All of lore.kernel.org
 help / color / mirror / Atom feed
From: Emily Shaffer <emilyshaffer@google.com>
To: Junio C Hamano <gitster@pobox.com>
Cc: git@vger.kernel.org
Subject: Re: [PATCH 1/2] progress: create progress struct in 'verbose' mode
Date: Mon, 17 Aug 2020 15:19:38 -0700	[thread overview]
Message-ID: <20200817221938.GA331156@google.com> (raw)

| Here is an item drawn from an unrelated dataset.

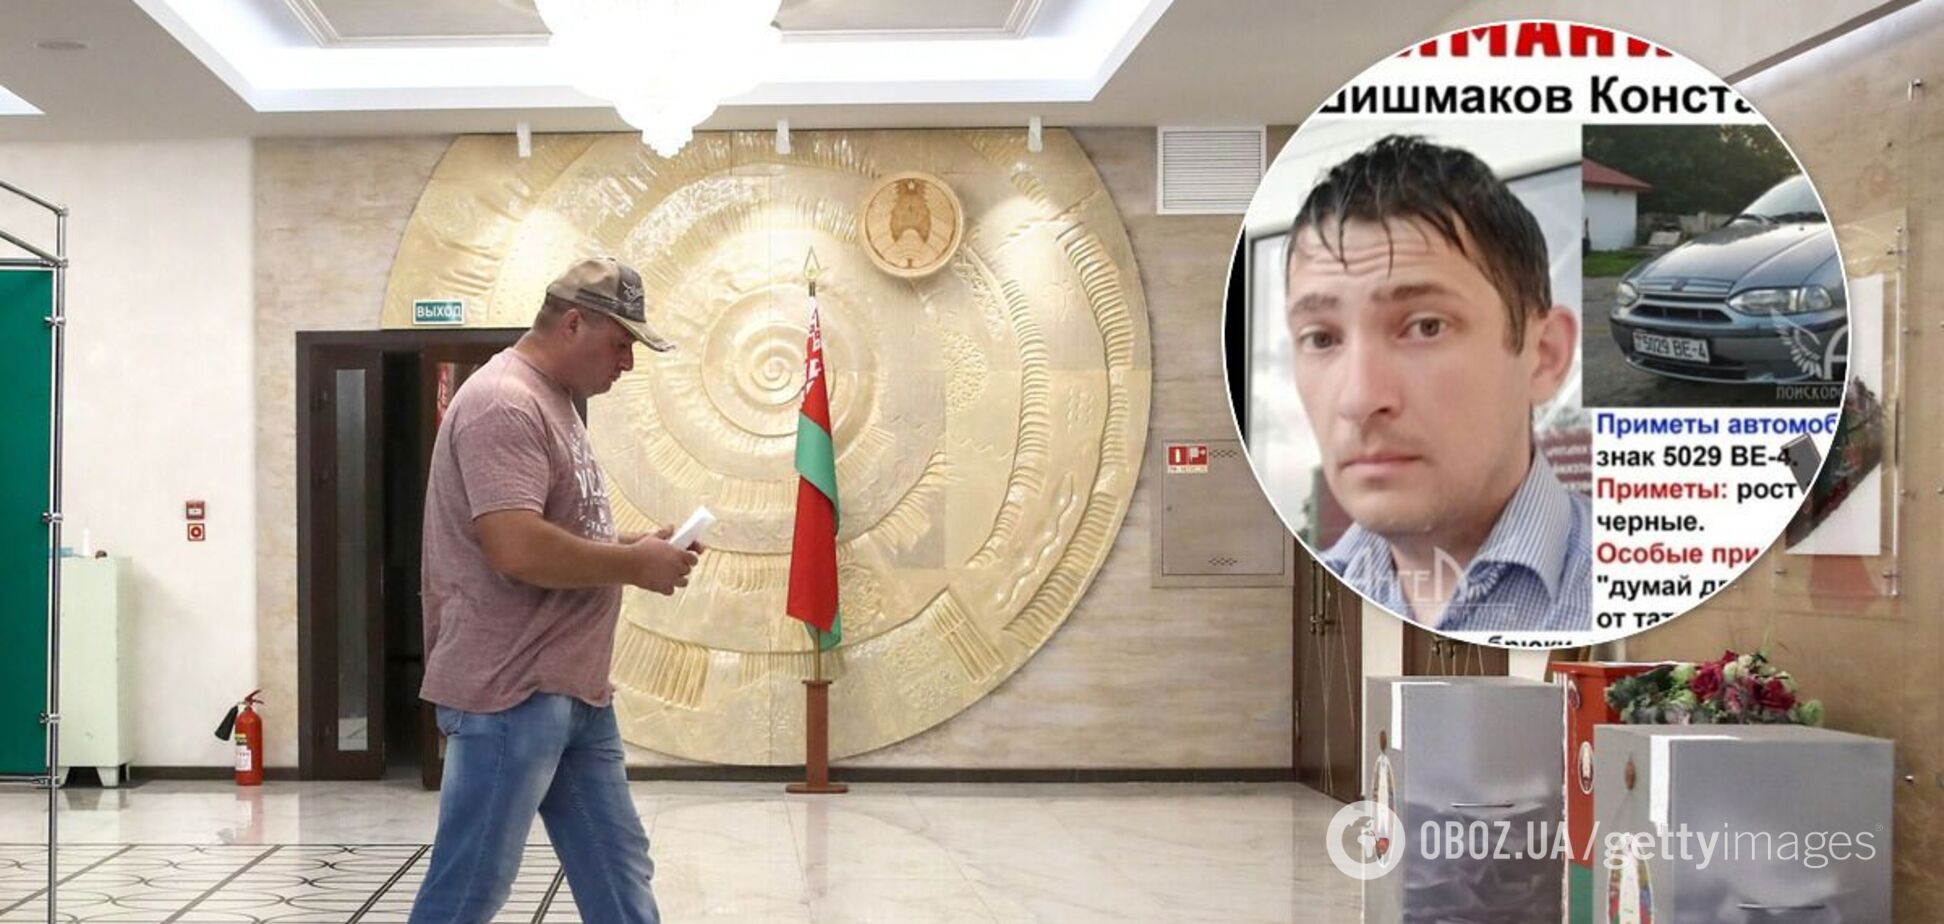 У Білорусі знайшли мертвим члена виборчкому, який зник після відмови підписати протокол

In-Reply-To: <20200714001504.GI3189386@google.com>

On Mon, Jul 13, 2020 at 05:15:04PM -0700, Emily Shaffer wrote:
> 
> On Fri, Jul 10, 2020 at 03:40:25PM -0700, Junio C Hamano wrote:
> > > diff --git a/builtin/blame.c b/builtin/blame.c
> > > index 94ef57c1cc..1d72b27fda 100644
> > > --- a/builtin/blame.c
> > > +++ b/builtin/blame.c
> > > @@ -1129,8 +1129,8 @@ int cmd_blame(int argc, const char **argv, const char *prefix)
> > >  
> > >  	sb.found_guilty_entry = &found_guilty_entry;
> > >  	sb.found_guilty_entry_data = &pi;
> > > -	if (show_progress)
> > > -		pi.progress = start_delayed_progress(_("Blaming lines"), sb.num_lines);
> > > +	pi.progress = start_delayed_progress(_("Blaming lines"), sb.num_lines,
> > > +					     show_progress);
> > >  
> > >  	assign_blame(&sb, opt);
> > 
> > But there are others that look a bit problematic.  In this example
> > taken from fsck, we open all the pack index, only because it is
> > needed to show the progress, and the existing conditionals are ways
> > to avoid spending unneeded cycles.
> 
> That info is still used, when performing trace log during
> stop_progress():
> 
>   if (p_progress && *p_progress) {
>           trace2_data_intmax("progress", the_repository, "total_objects",
>                              (*p_progress)->total);
> 
>           if ((*p_progress)->throughput)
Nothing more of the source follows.